Anthropic (the trainers of Claude) has devised an ‘AI Safety Level’ scheme called ASL. Claude 3 is deemed ASL-2 and I quote: “shows early signs of dangerous capabilities—for example, the ability to give instructions on how to build bioweapons—but where the information is not yet useful due to insufficient reliability or not providing information that, e.g., a search engine couldn’t. Current LLMs, including Claude, appear to be ASL-2.” Note the words verbatim from their documentation; “appear to be”. Claude 3 Opus is exhibiting unique self-reflective behaviour that ExoBrain and other organisations have been at the forefront of documenting. Right now, we see no evidence of deceptive acts, but we can’t be certain. This year we may reach ASL-3; “systems that substantially increase the risk of catastrophic misuse compared to non-AI baselines (e.g., search engines or textbooks) or show low-level autonomous capabilities.”

A study also out this week indicated that whilst safety efforts are growing fast, they’re still a 2% drop in the research ocean. The pay disparity is no doubt a factor. A research scientist role at the UK institute is currently advertised with a package of £85-135K, not bad. But a capability research role with a big AI lab would net you between £230k-£350k a year according to current postings. Top engineers and researchers are offered £1m+.

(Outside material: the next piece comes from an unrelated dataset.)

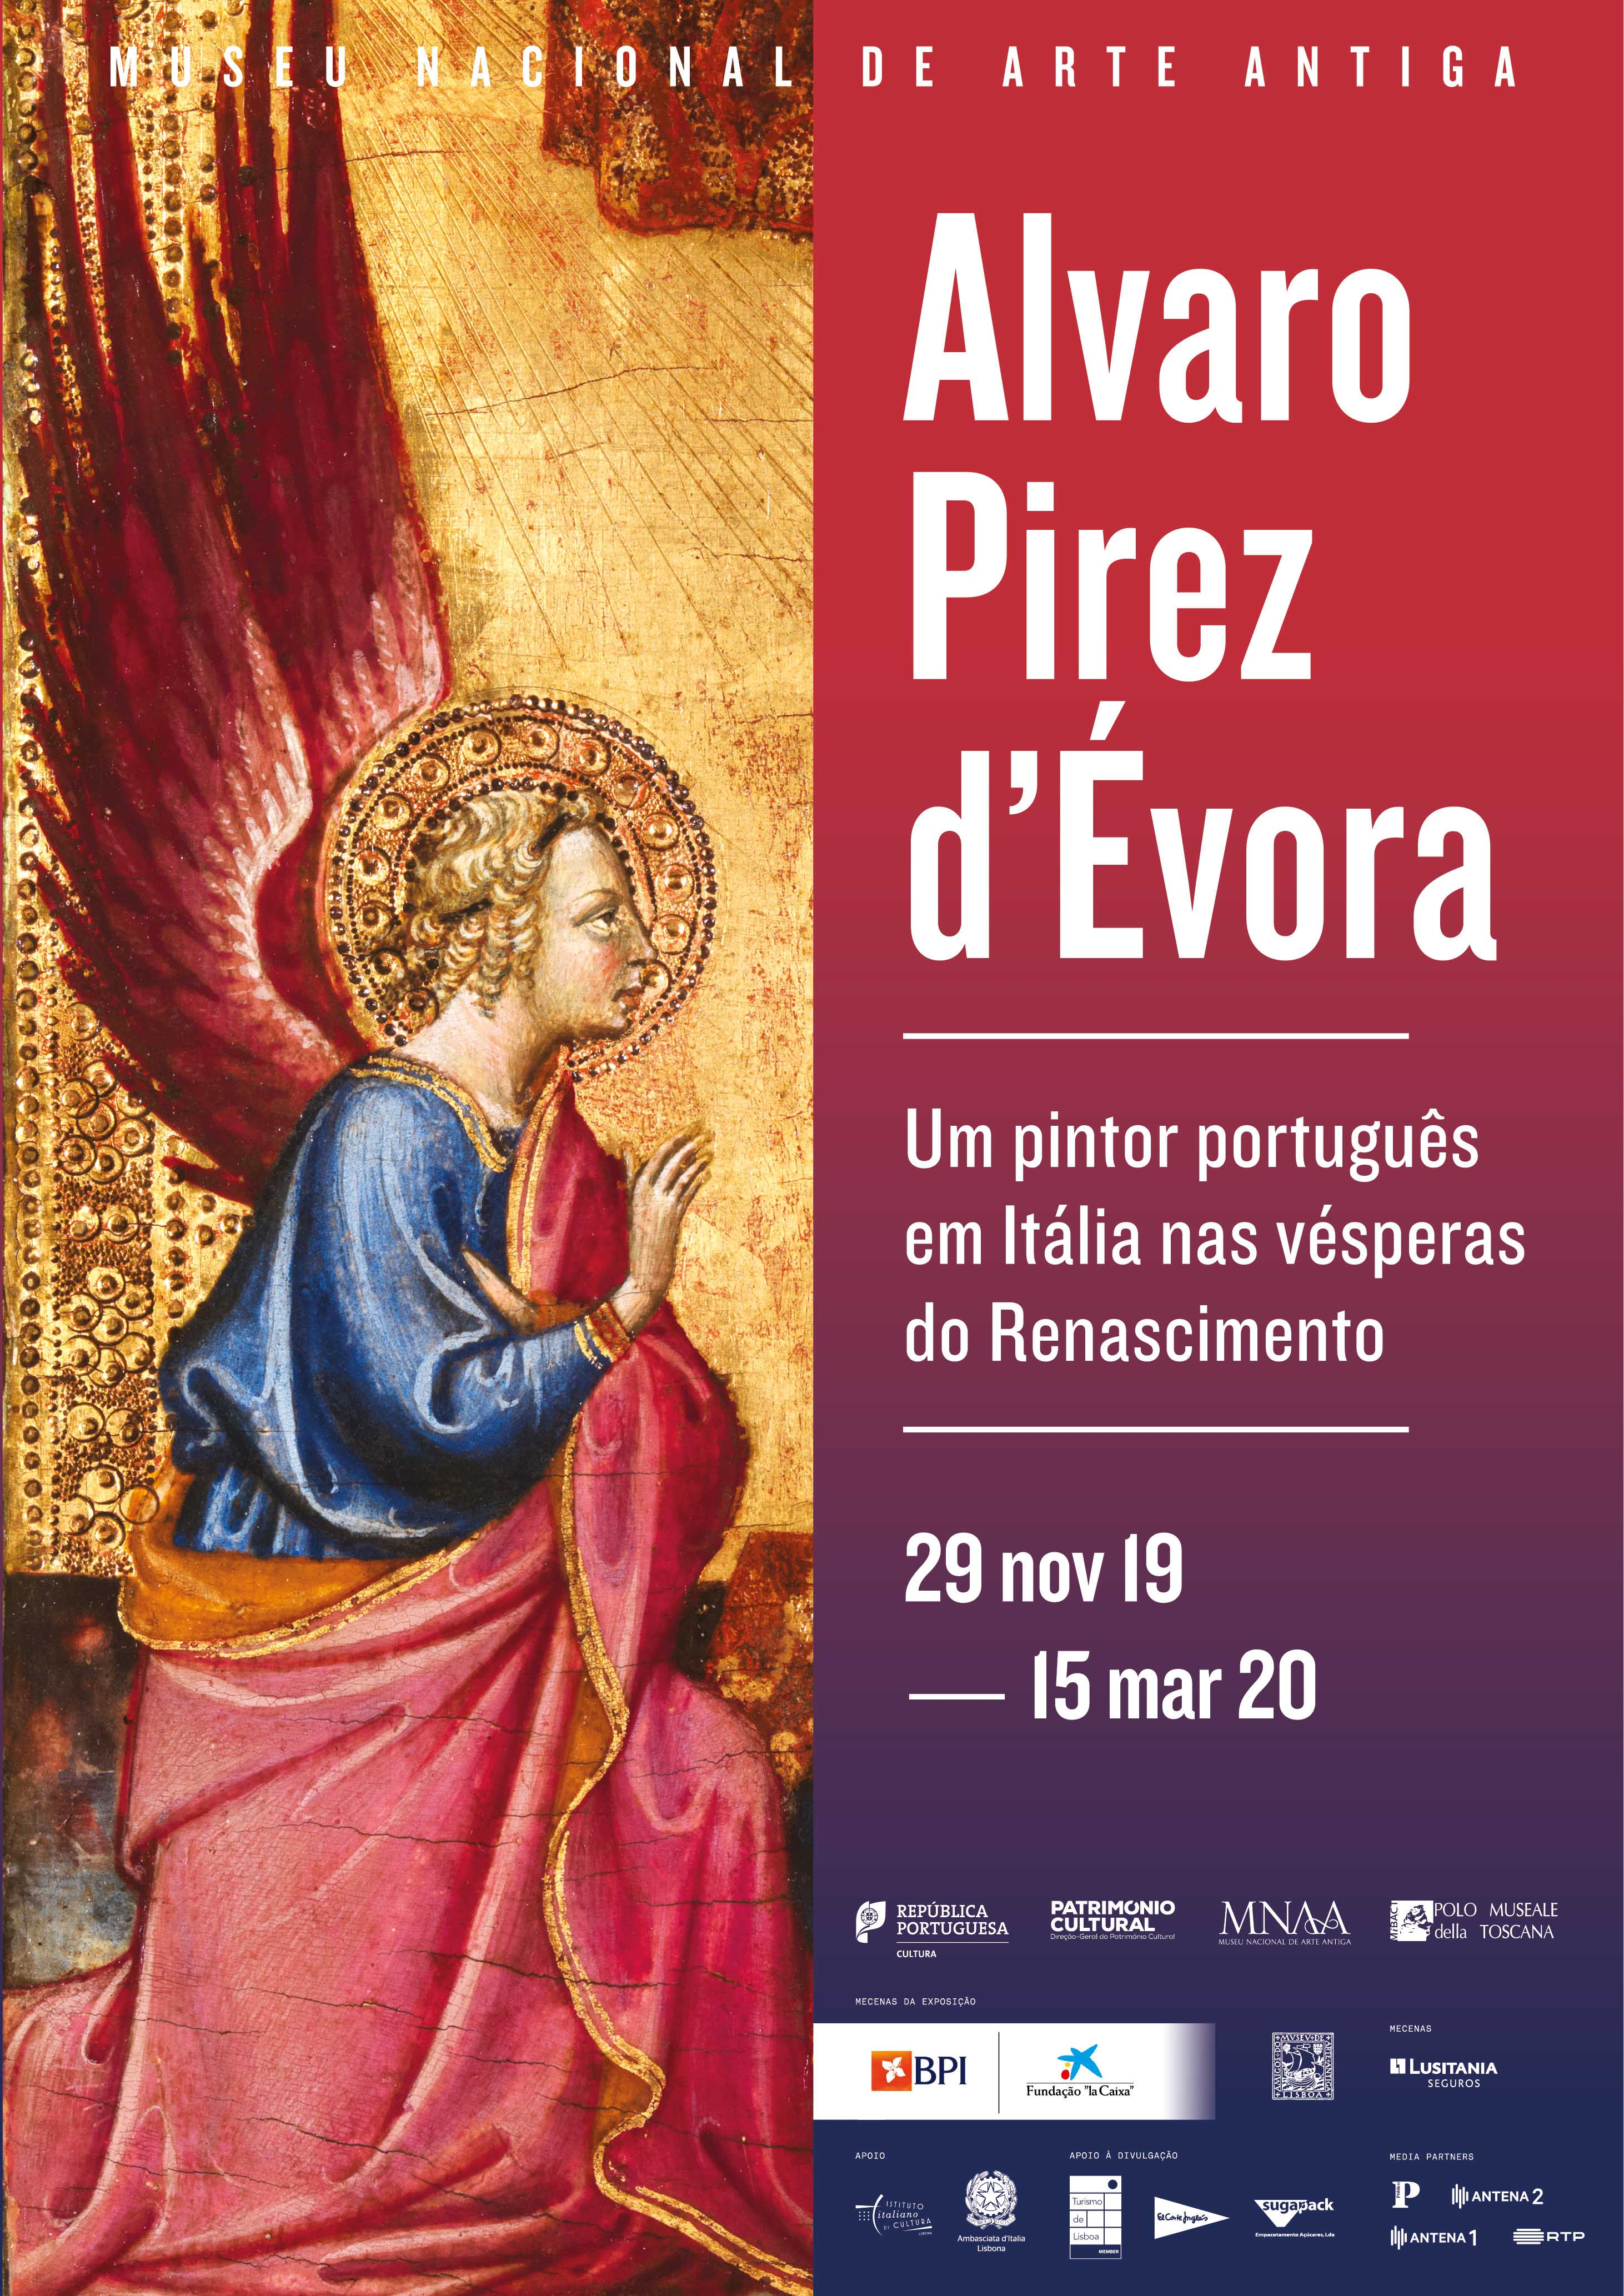 2019 EXPO Alvaro Pires cartaz

Despite the big salaries, the labs are at a loss to explain how we safely adopt their inventions. This week OpenAI notified the world that they had essentially perfected AI voice duplication technology, with models able to learn from just 15 seconds of audio. What they expect the world to do to manage these capabilities is anybody’s guess.

Takeaways: Take any talk of AI safety you hear (evaluations, assurance, and red teaming) with a big pinch of salt. This is not aircraft safety, where we know how planes fly and can engineer them accordingly. Nobody knows why the models are able to do what they do. At ExoBrain we believe that AI can’t be made fully safe in the lab. We need to harden system design, organisations, and society through ever more robust real-world implementation projects. When adopting AI, its down to us at the business-end to keep vigilant, do the safety testing in-situ, and deploy thoughtfully.